-------- Source data --------

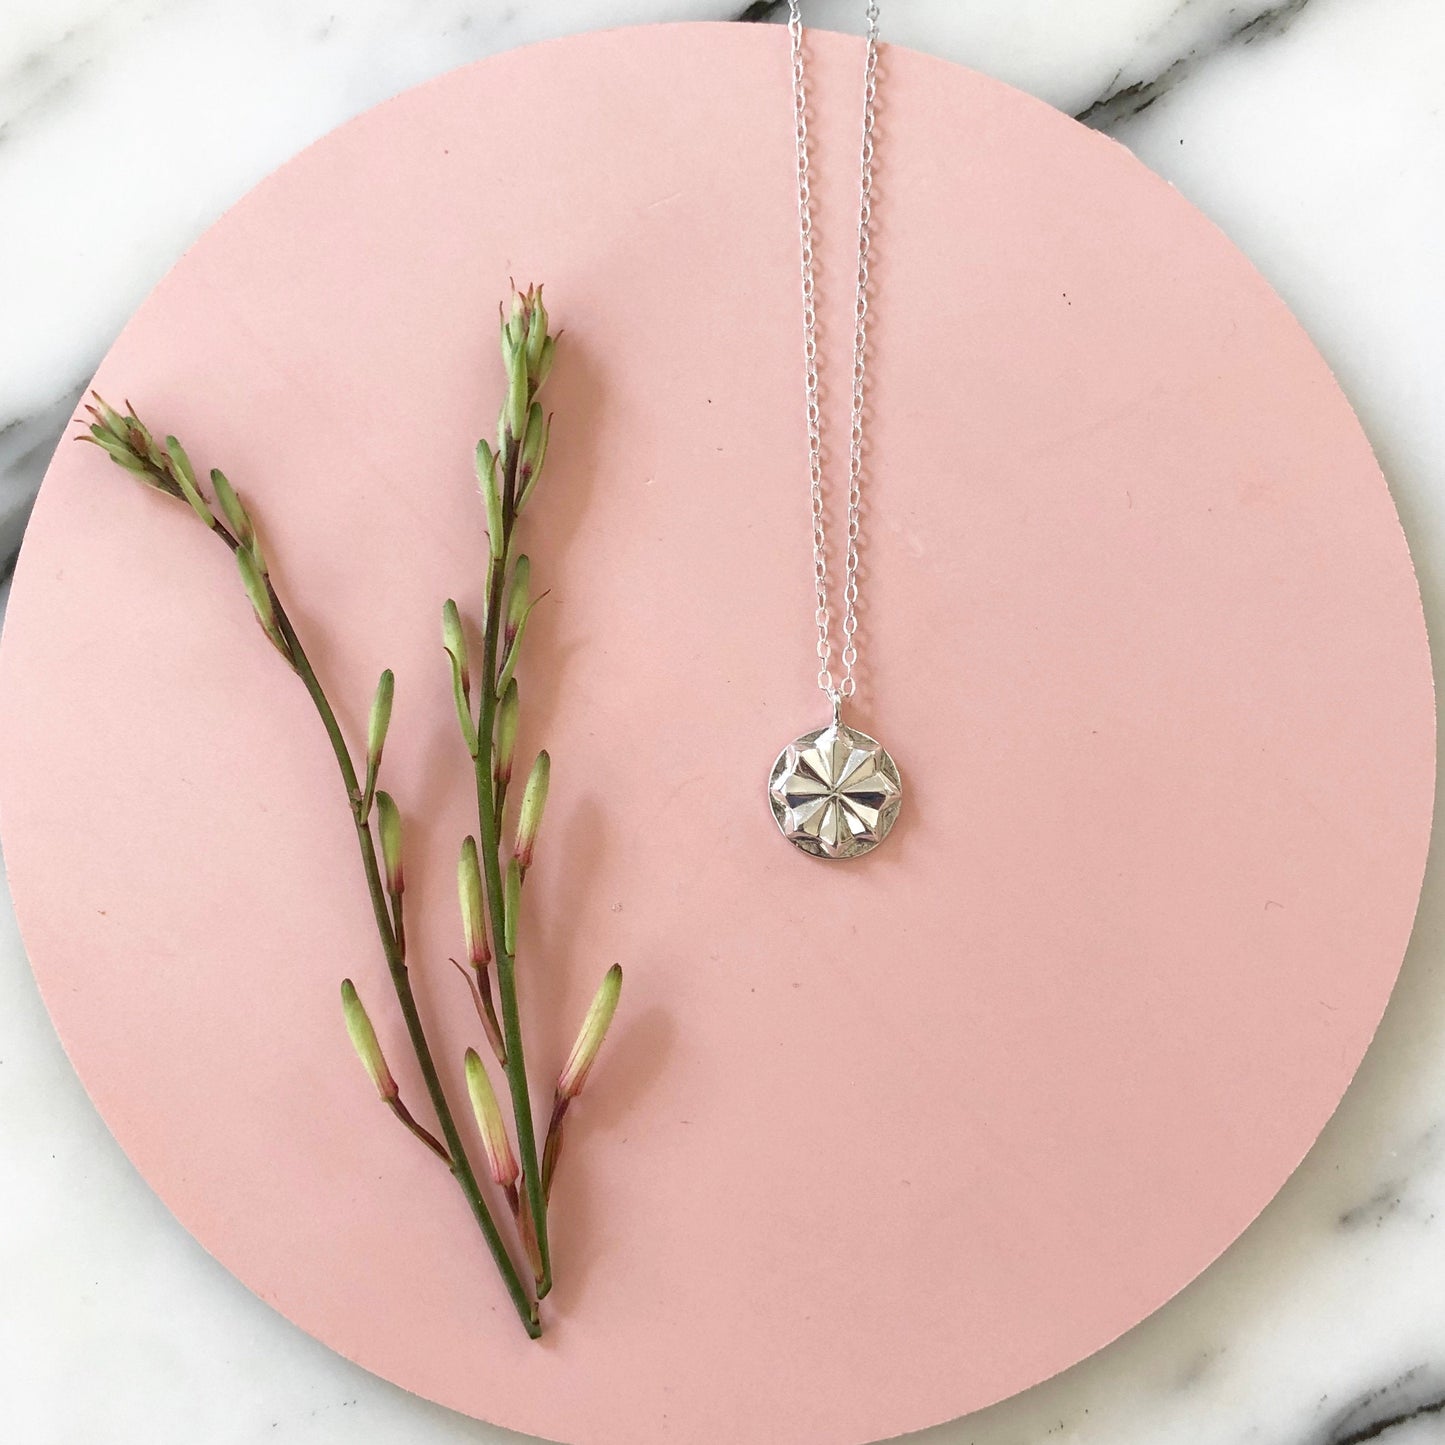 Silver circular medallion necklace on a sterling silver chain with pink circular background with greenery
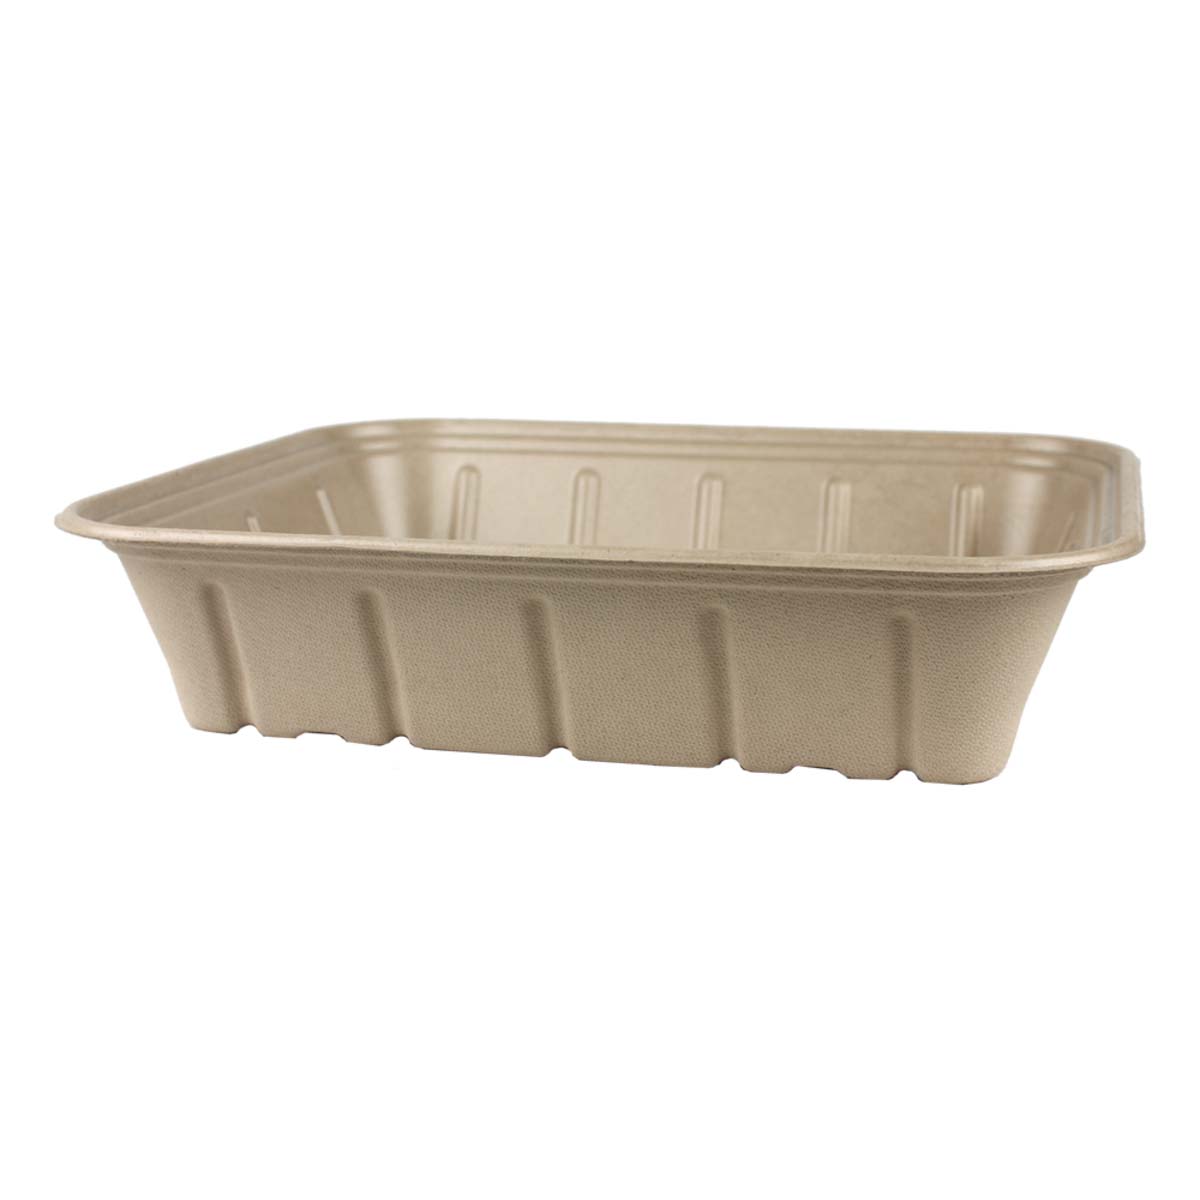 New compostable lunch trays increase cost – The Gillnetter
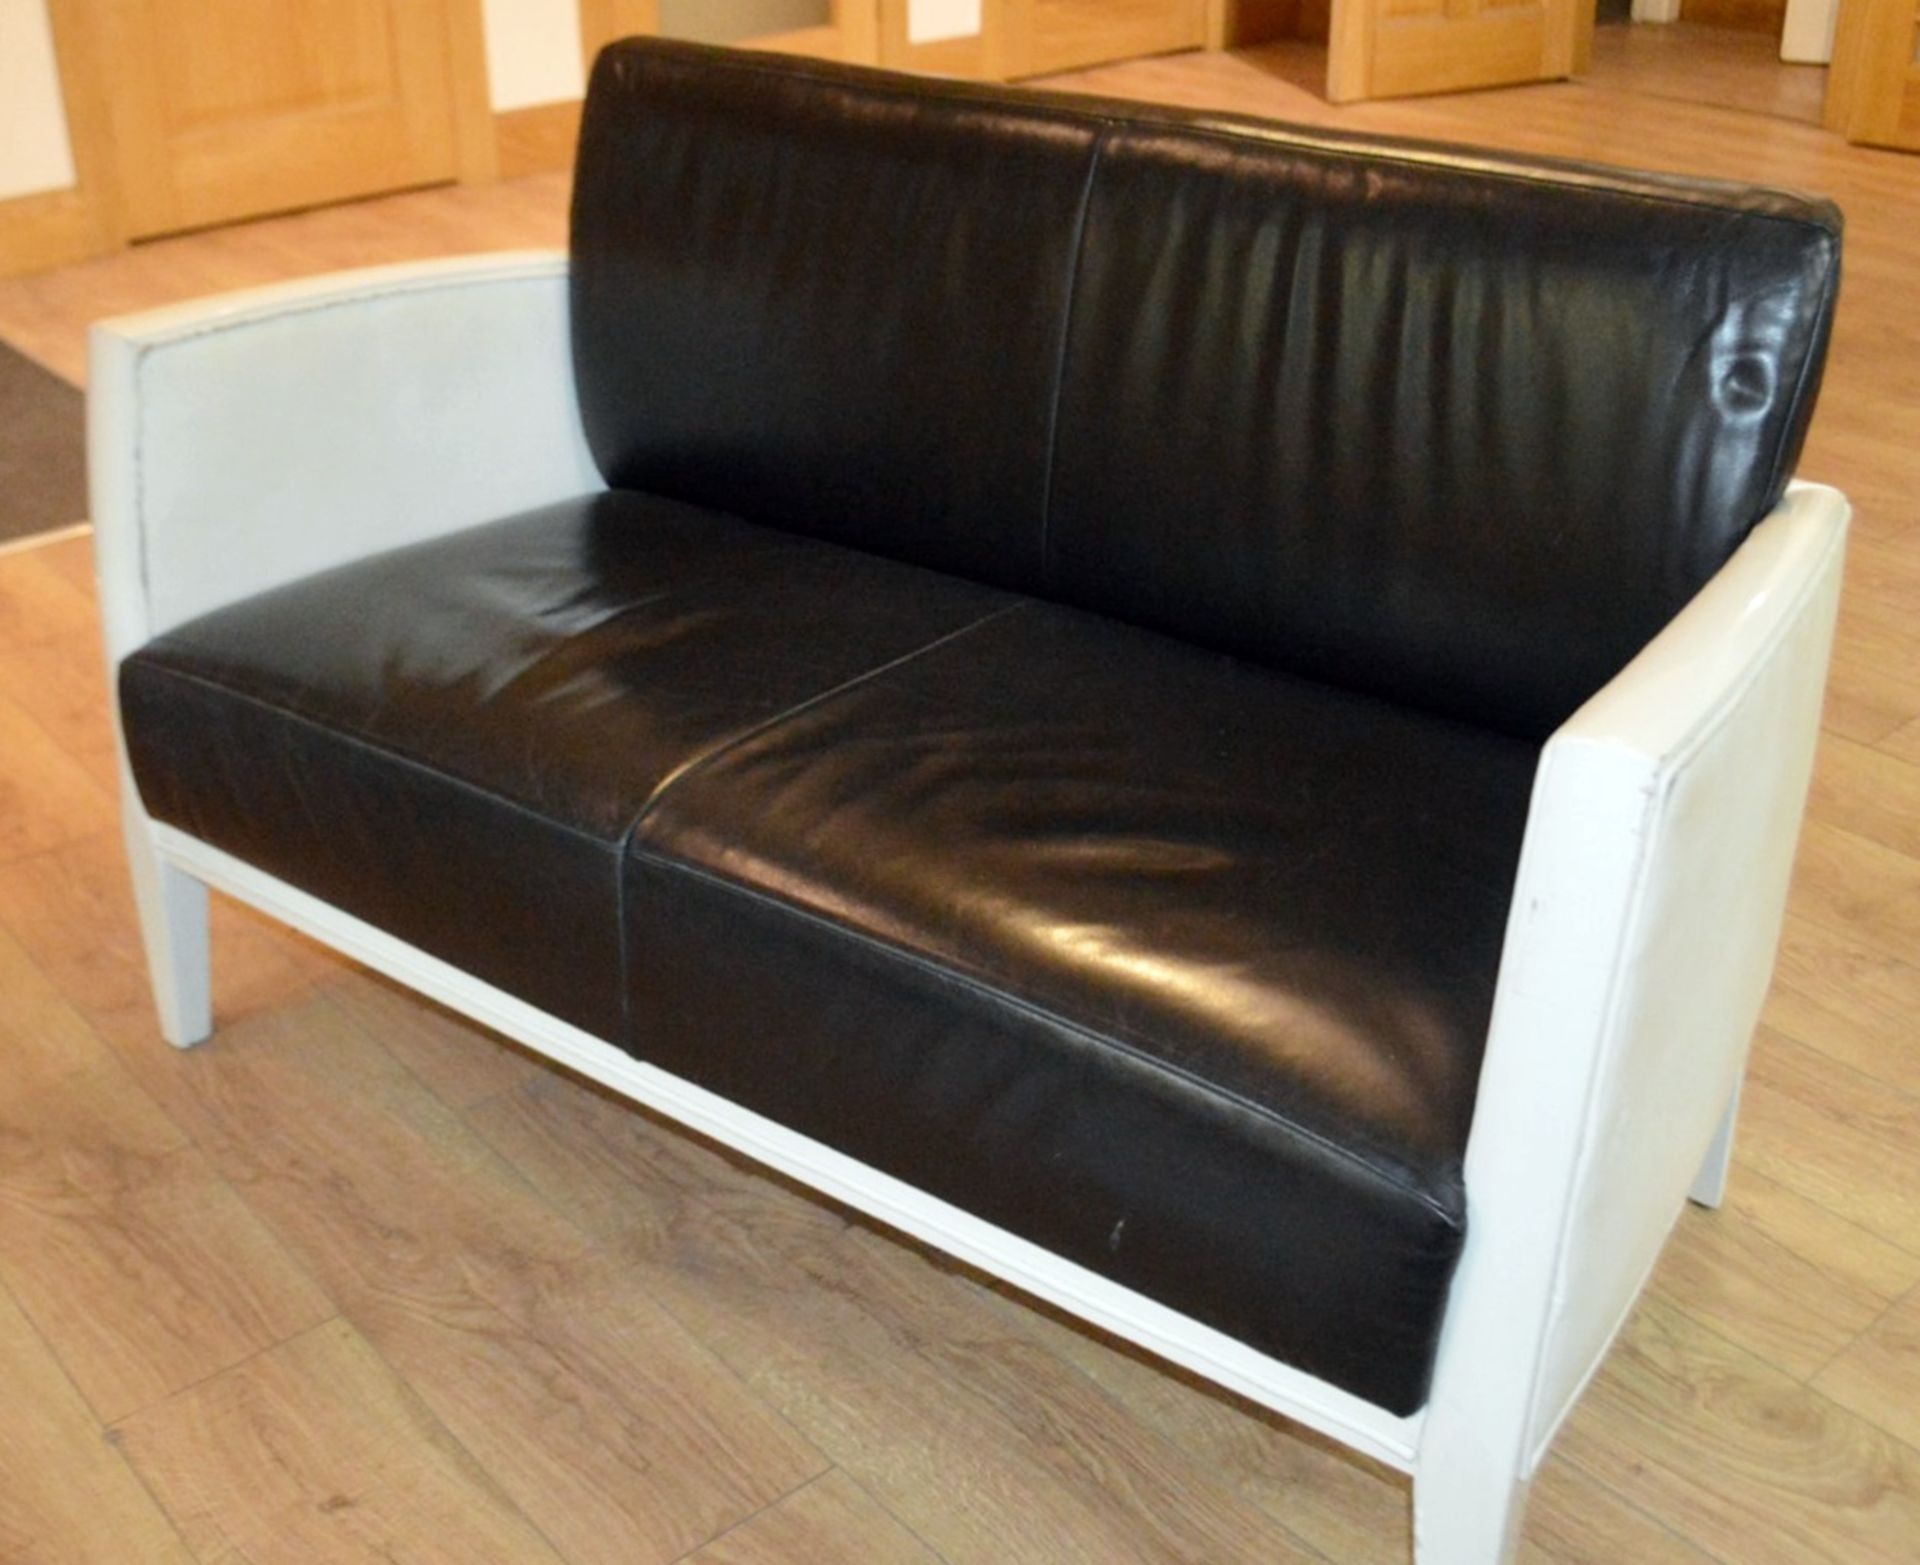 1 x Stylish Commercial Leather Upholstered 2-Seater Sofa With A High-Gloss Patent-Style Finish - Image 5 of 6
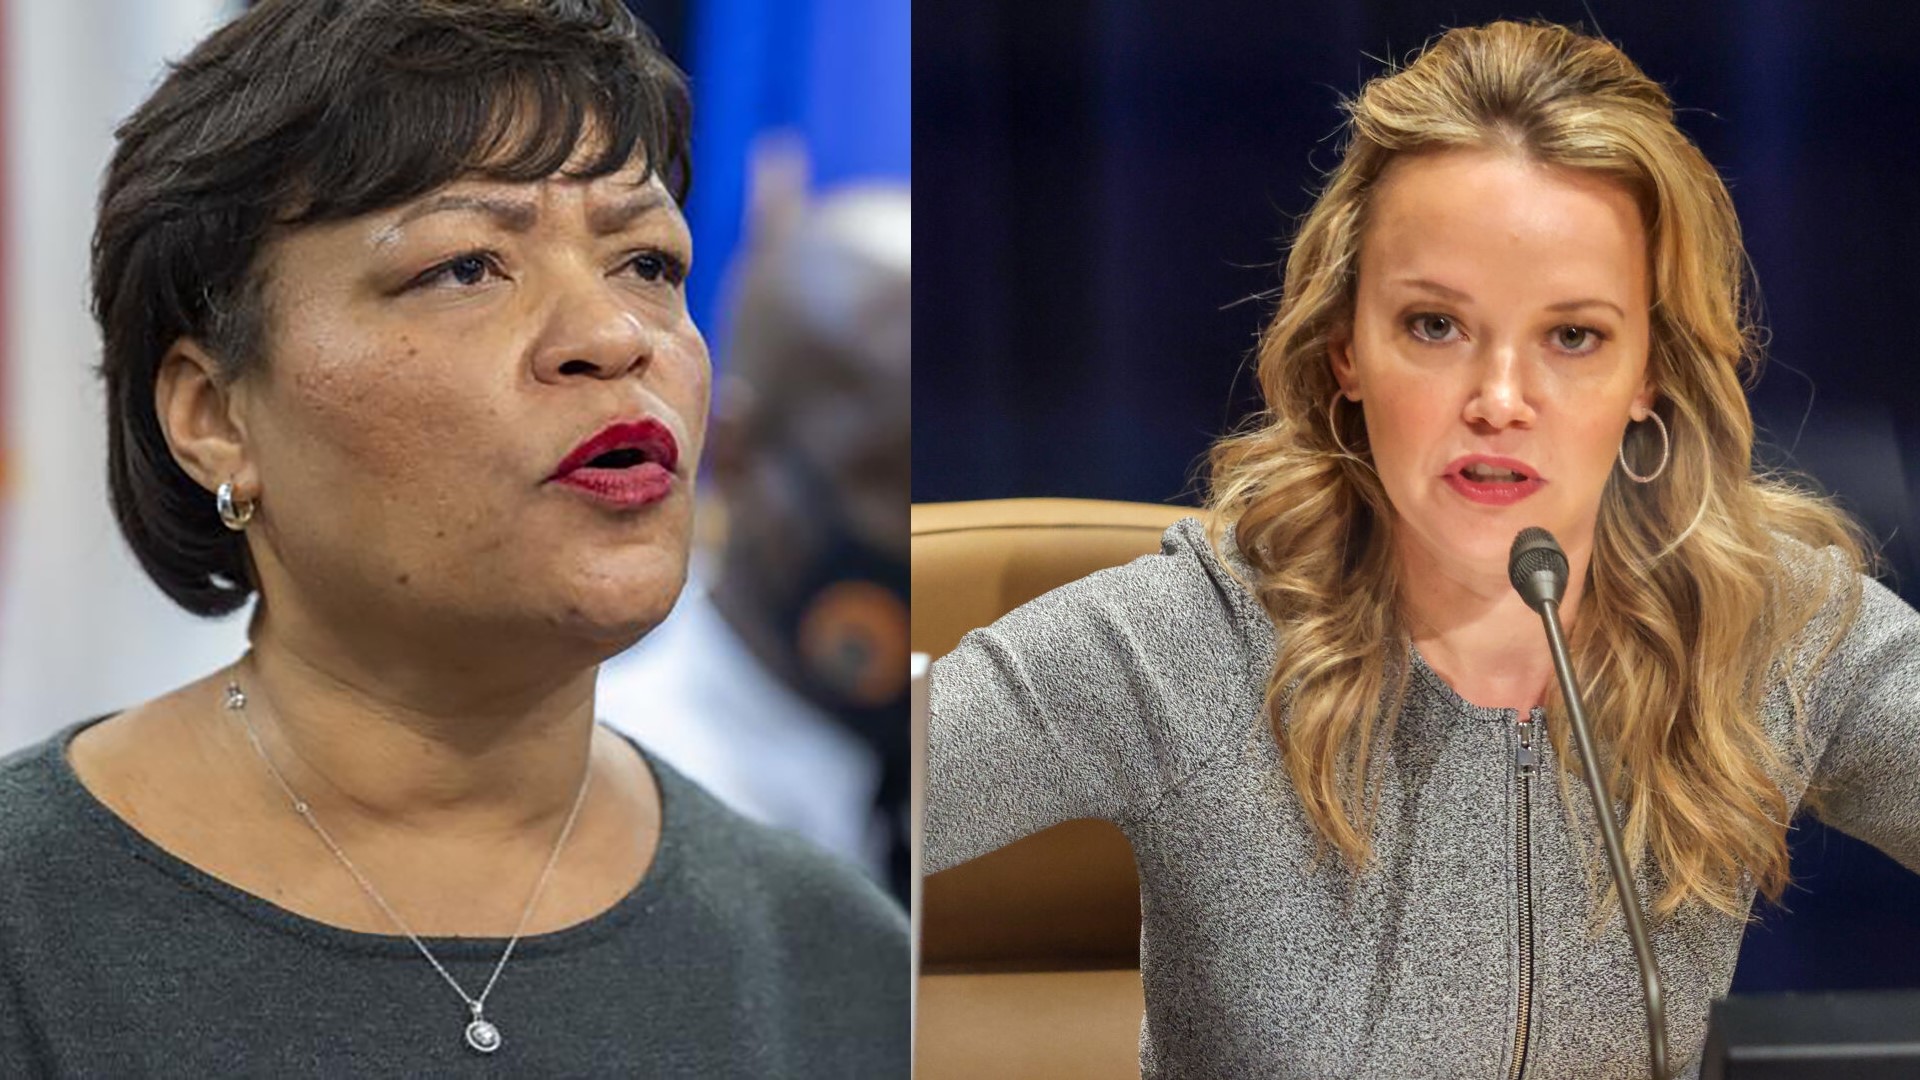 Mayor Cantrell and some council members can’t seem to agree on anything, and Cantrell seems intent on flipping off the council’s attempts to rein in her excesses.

--------

## Problem:
No pictures should appear in the copy. Print exactly the lines above from the line containing "New compostable lunch" through the last line of the data.

## Response area:
 New compostable lunch trays increase cost – The Gillnetter
 1 x Stylish Commercial Leather Upholstered 2-Seater Sofa With A High-Gloss Patent-Style Finish - Image 5 of 6
 Mayor Cantrell and some council members can’t seem to agree on anything, and Cantrell seems intent on flipping off the council’s attempts to rein in her excesses.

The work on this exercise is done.